Но подлинное очарование праздника — при всем обилии пьяных сцен, связывании соседа Левонтия, невеселой горечи похмелья! — в коллективном пении песни, «изложении» вслух мечтаний, тоски, предчувствий неволи, беды. Астафьев не вдается в детали песни, где вор в законе увлекает вписанную в банду «детку» своей тоской:
Люби меня, детка, покуль я на воле,
Покуль я на воле — я твой.
Судьба нас разлучит, я буду жить в неволе,
Тобой завладеет другой...
Вообще говоря, писатель нередко опускает реальный, часто весьма невысокий смысл вводимых в тексты блатных песен, опускает ради того, чтобы выразить наивные чувства поющих, тех, кто прилепился, не замаравшись, к такой песне.

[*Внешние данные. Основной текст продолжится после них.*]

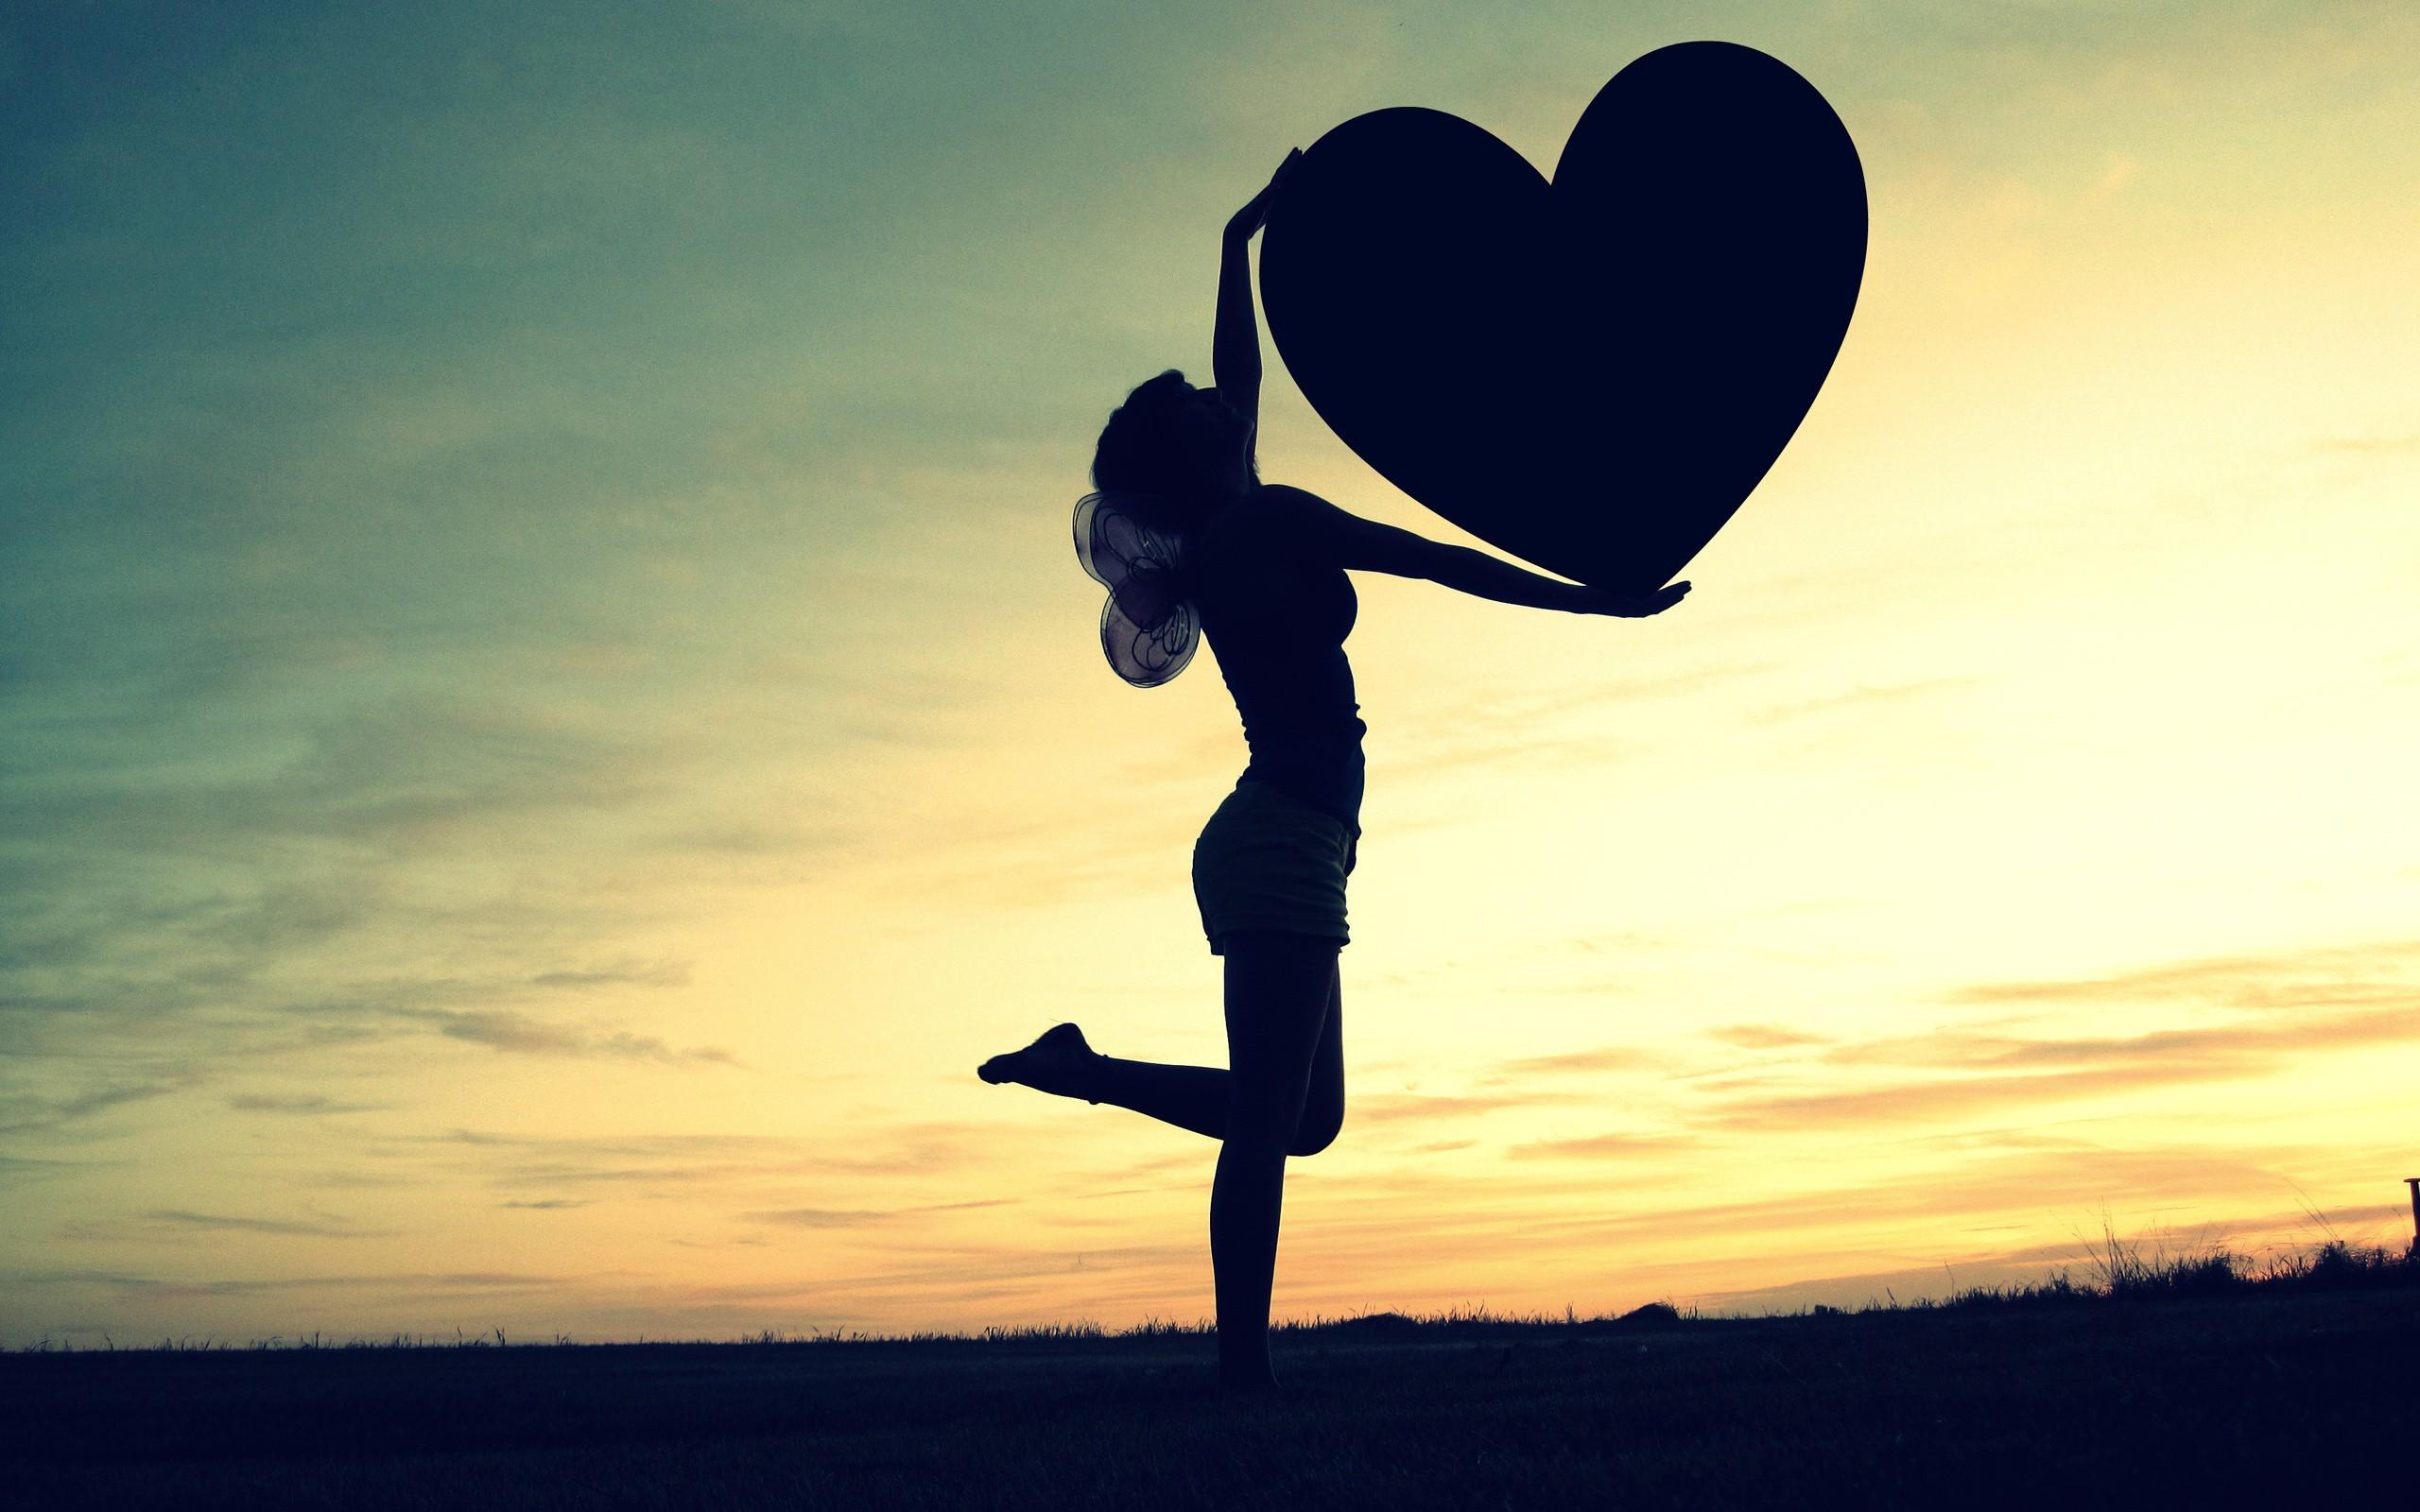 Silueta de una mujer y corazón - 2560x1600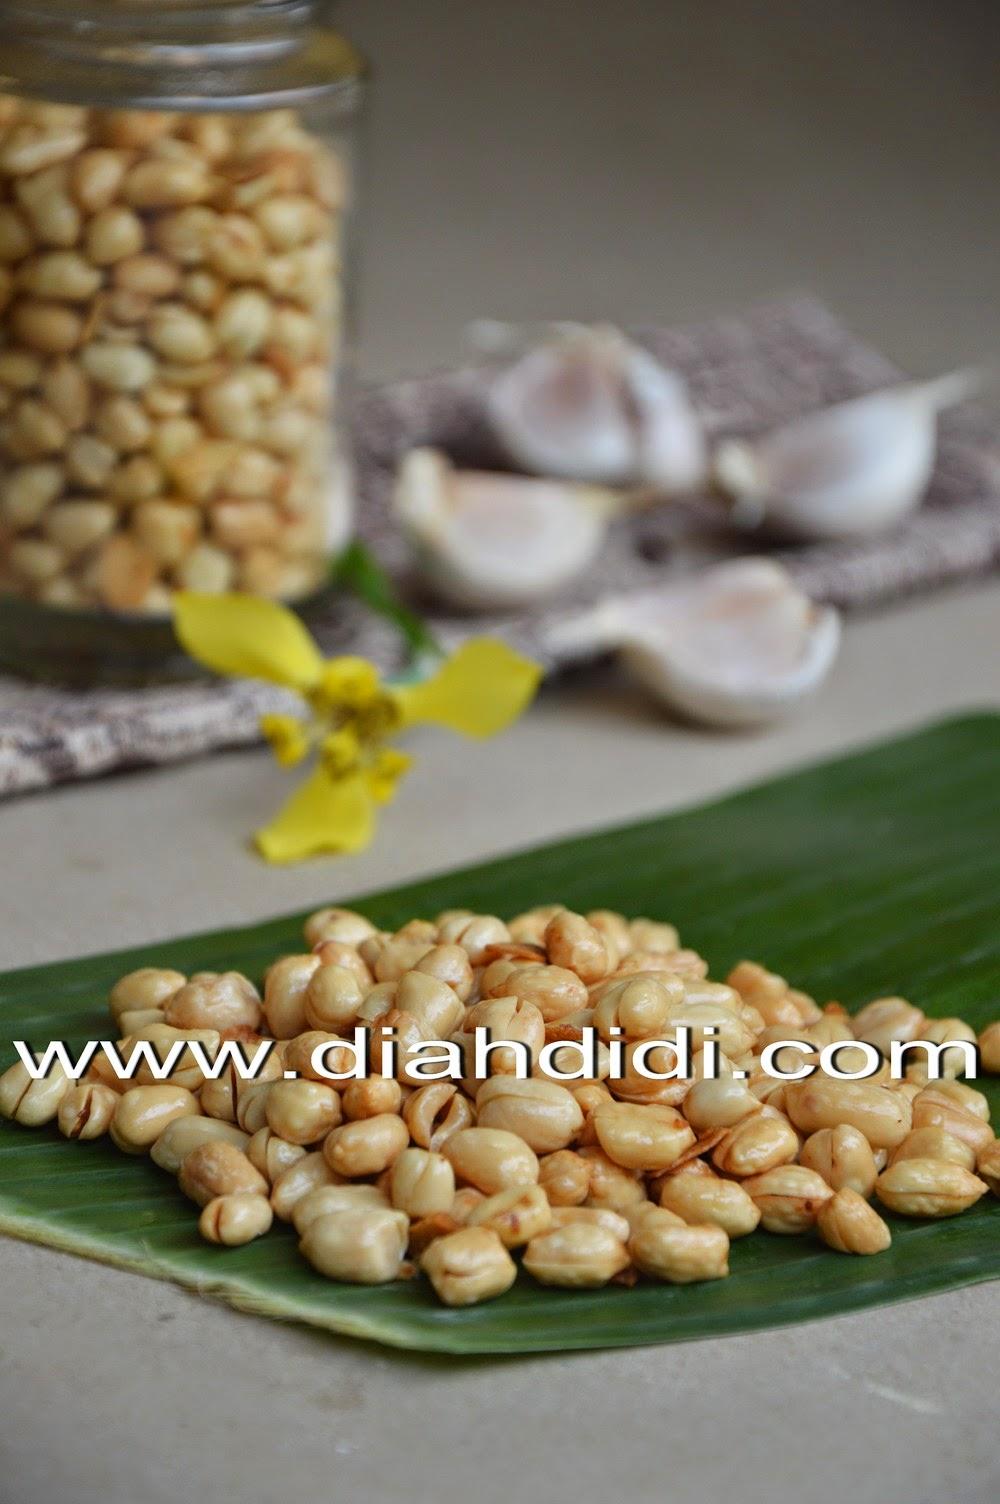 Tantan Kacang Mente Mentah 1 Kg4 Daftar Harga Terkini Terlengkap Produk Ukm Bumn Agro Mete Goreng Fried Cashew Nuts Jika Warna Sudah Keemasansegera Angkat Karena Proses Pematangan Masih Akan Terus

«Пели надрывно, с отчаянностью. Даже дедушка шевелил ртом, хотя никогда не слышал, как он поет. Гудел басом вдовый, бездетный Ксенофонт. Остро вонзался в песню голос Августы. На наивысшем дребезге и слезе шел голос Апрони... Ладно вела песню жена Кольчи- младшего Нюра. Она вовремя направляла хор в русло и прихватывала тех, кто норовил откачнуться и вывалиться из песни, как из лодки. Ухом приложившись к гармошке, чтобы хоть самому слышать звук, с подтрясом, как артист, пел Мишка Коршуков» (выделено мной. — В.Ч.).